### Work order:
Could you repeat the data word for word while skipping the pictures?

### Input data:
——
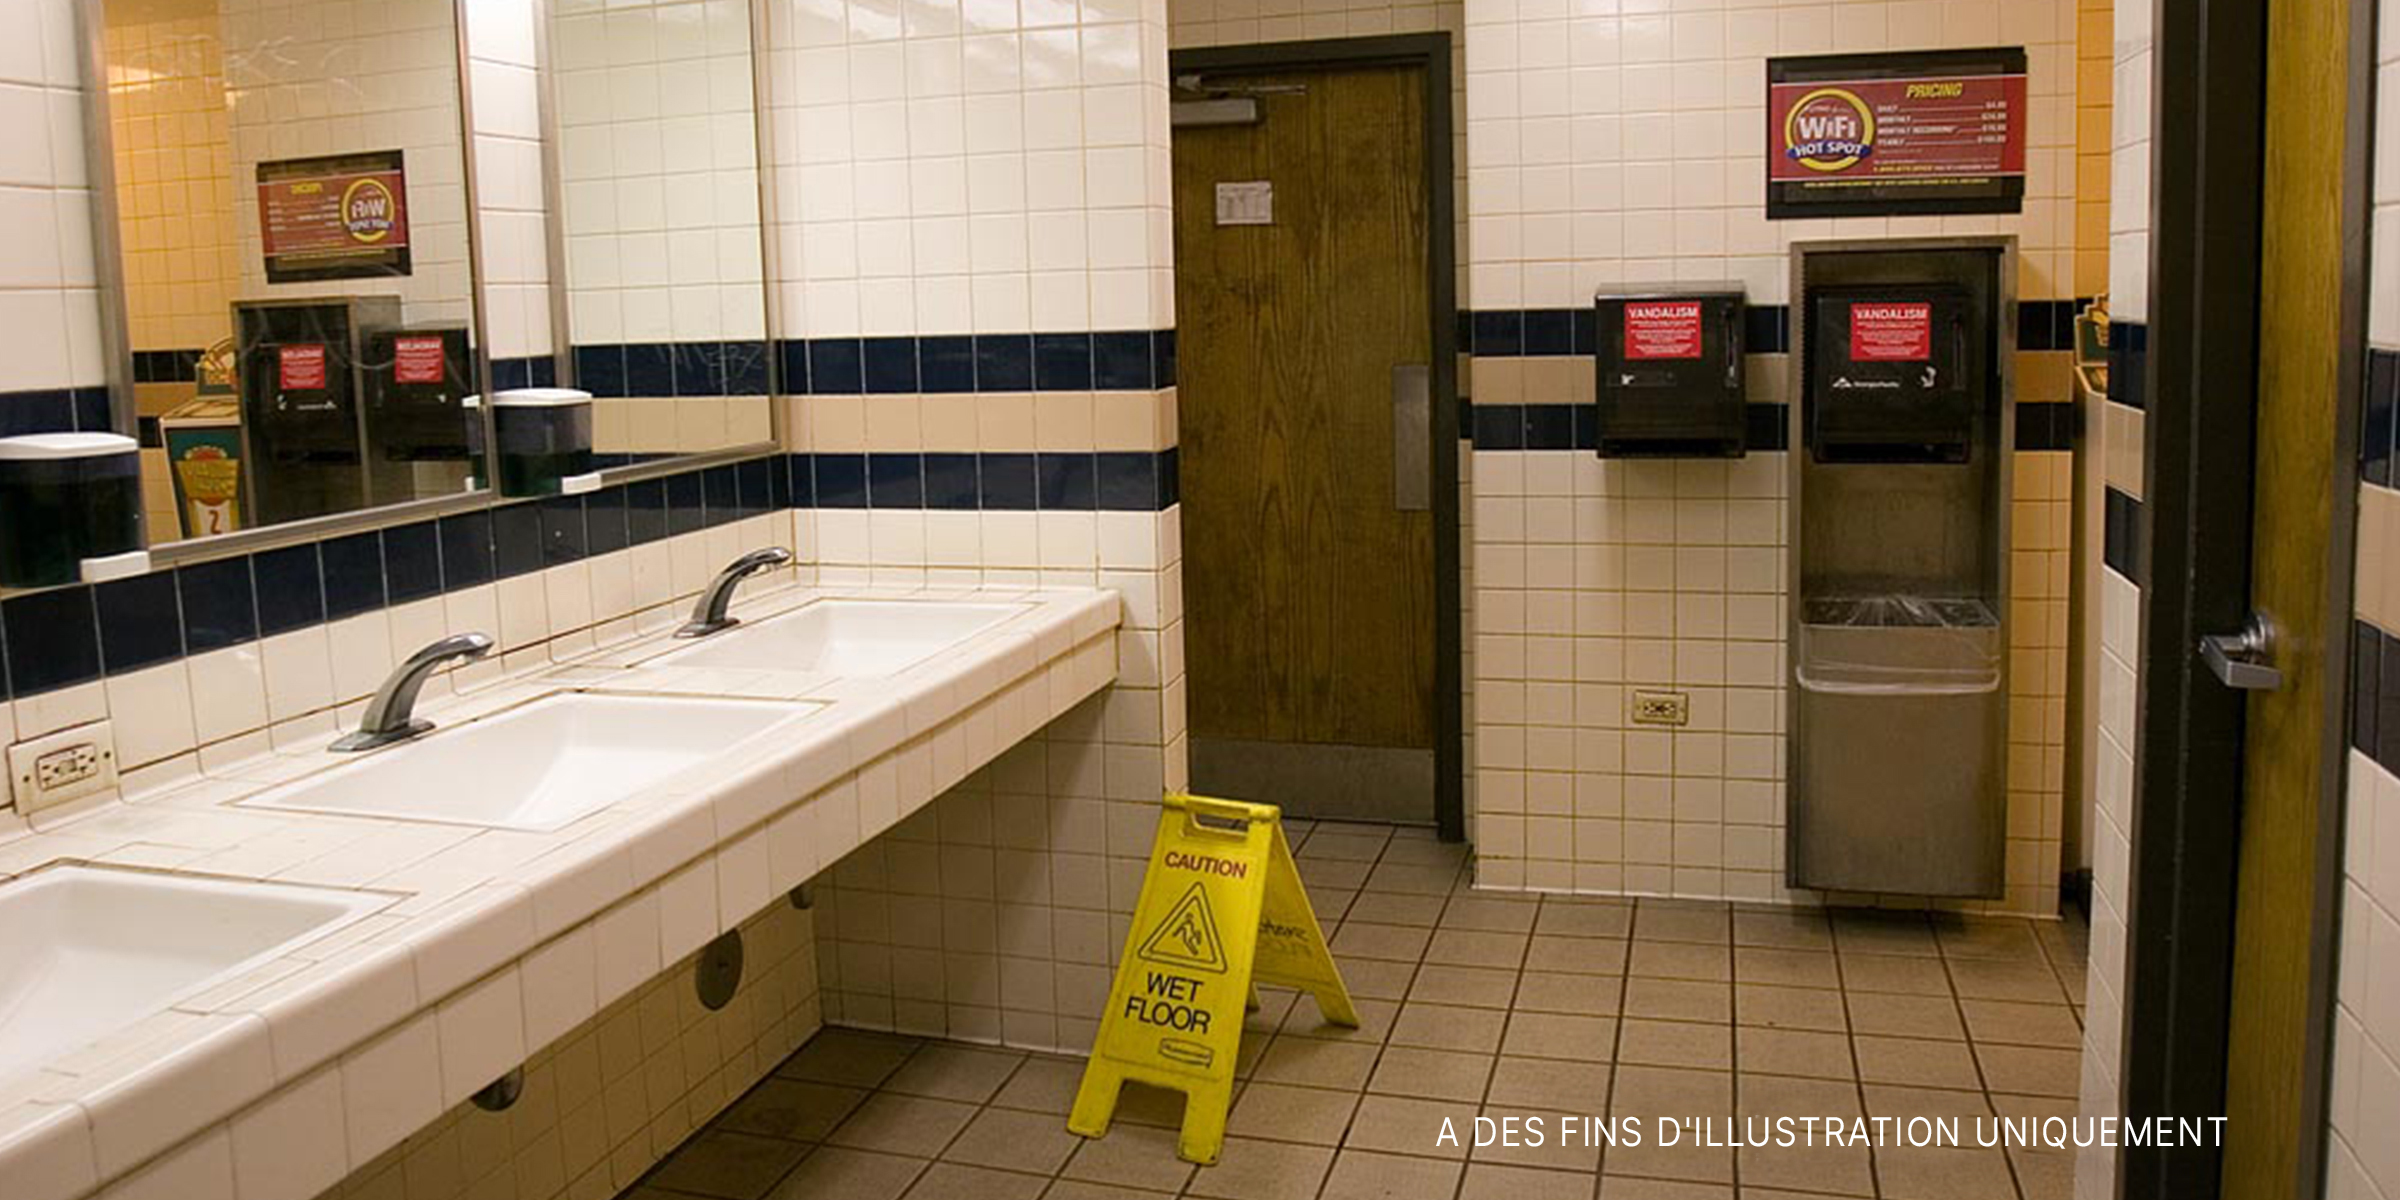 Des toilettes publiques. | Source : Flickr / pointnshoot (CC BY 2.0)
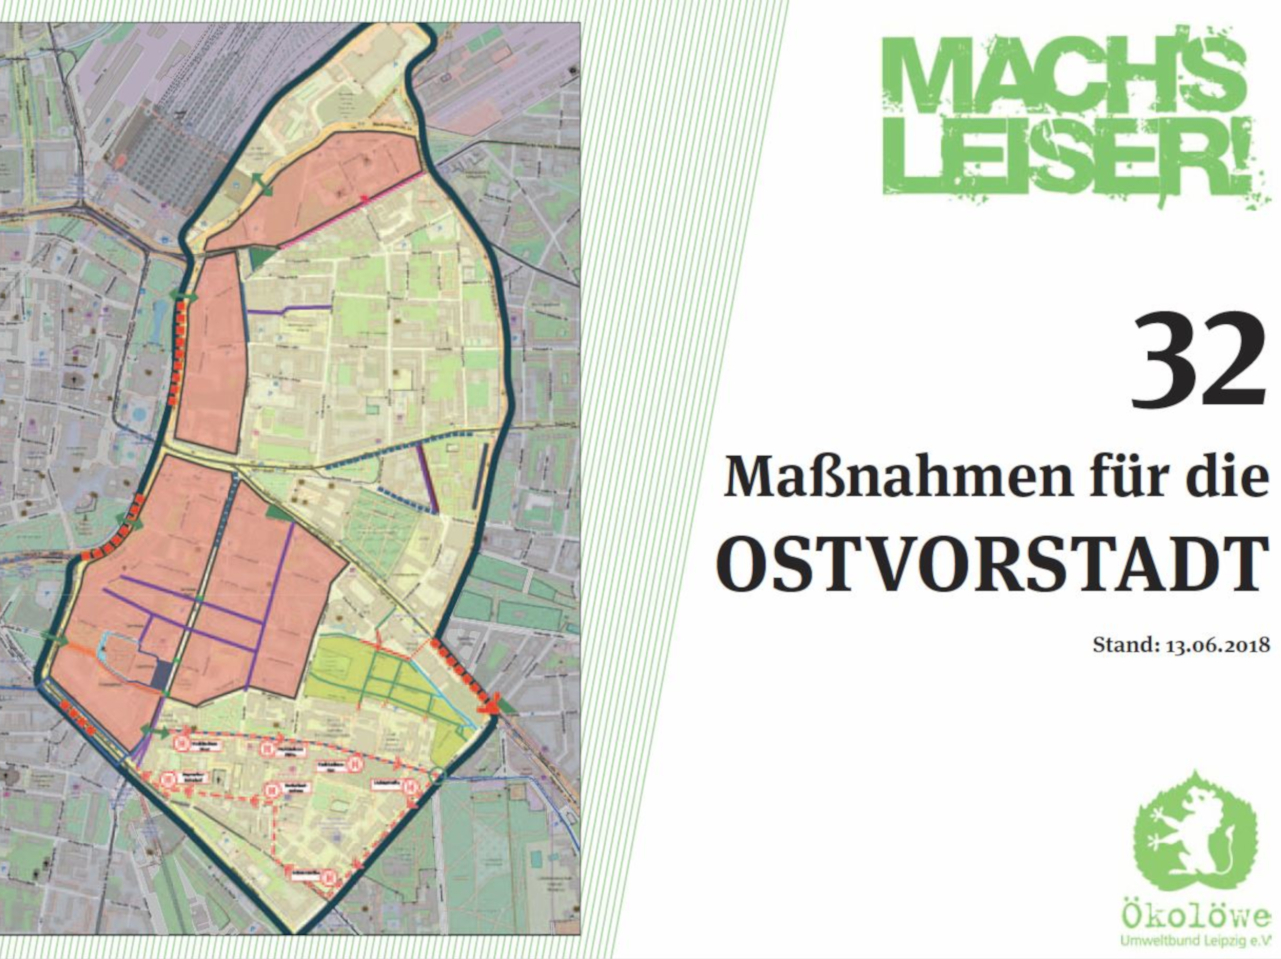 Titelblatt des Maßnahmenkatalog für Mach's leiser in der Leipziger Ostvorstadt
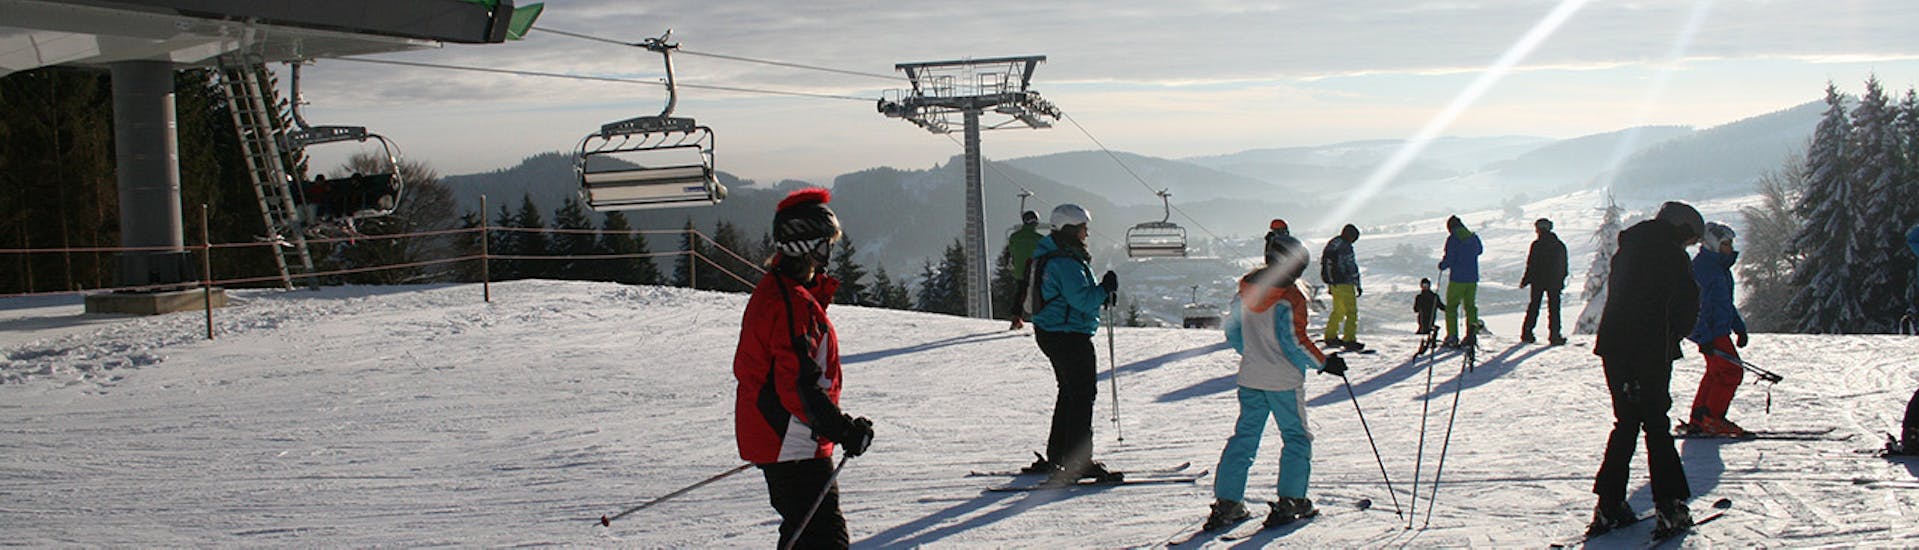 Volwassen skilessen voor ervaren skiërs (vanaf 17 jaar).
——
### Task solution:
 Des toilettes publiques. | Source : Flickr / pointnshoot (CC BY 2.0)
 Titelblatt des Maßnahmenkatalog für Mach's leiser in der Leipziger Ostvorstadt
 Volwassen skilessen voor ervaren skiërs (vanaf 17 jaar).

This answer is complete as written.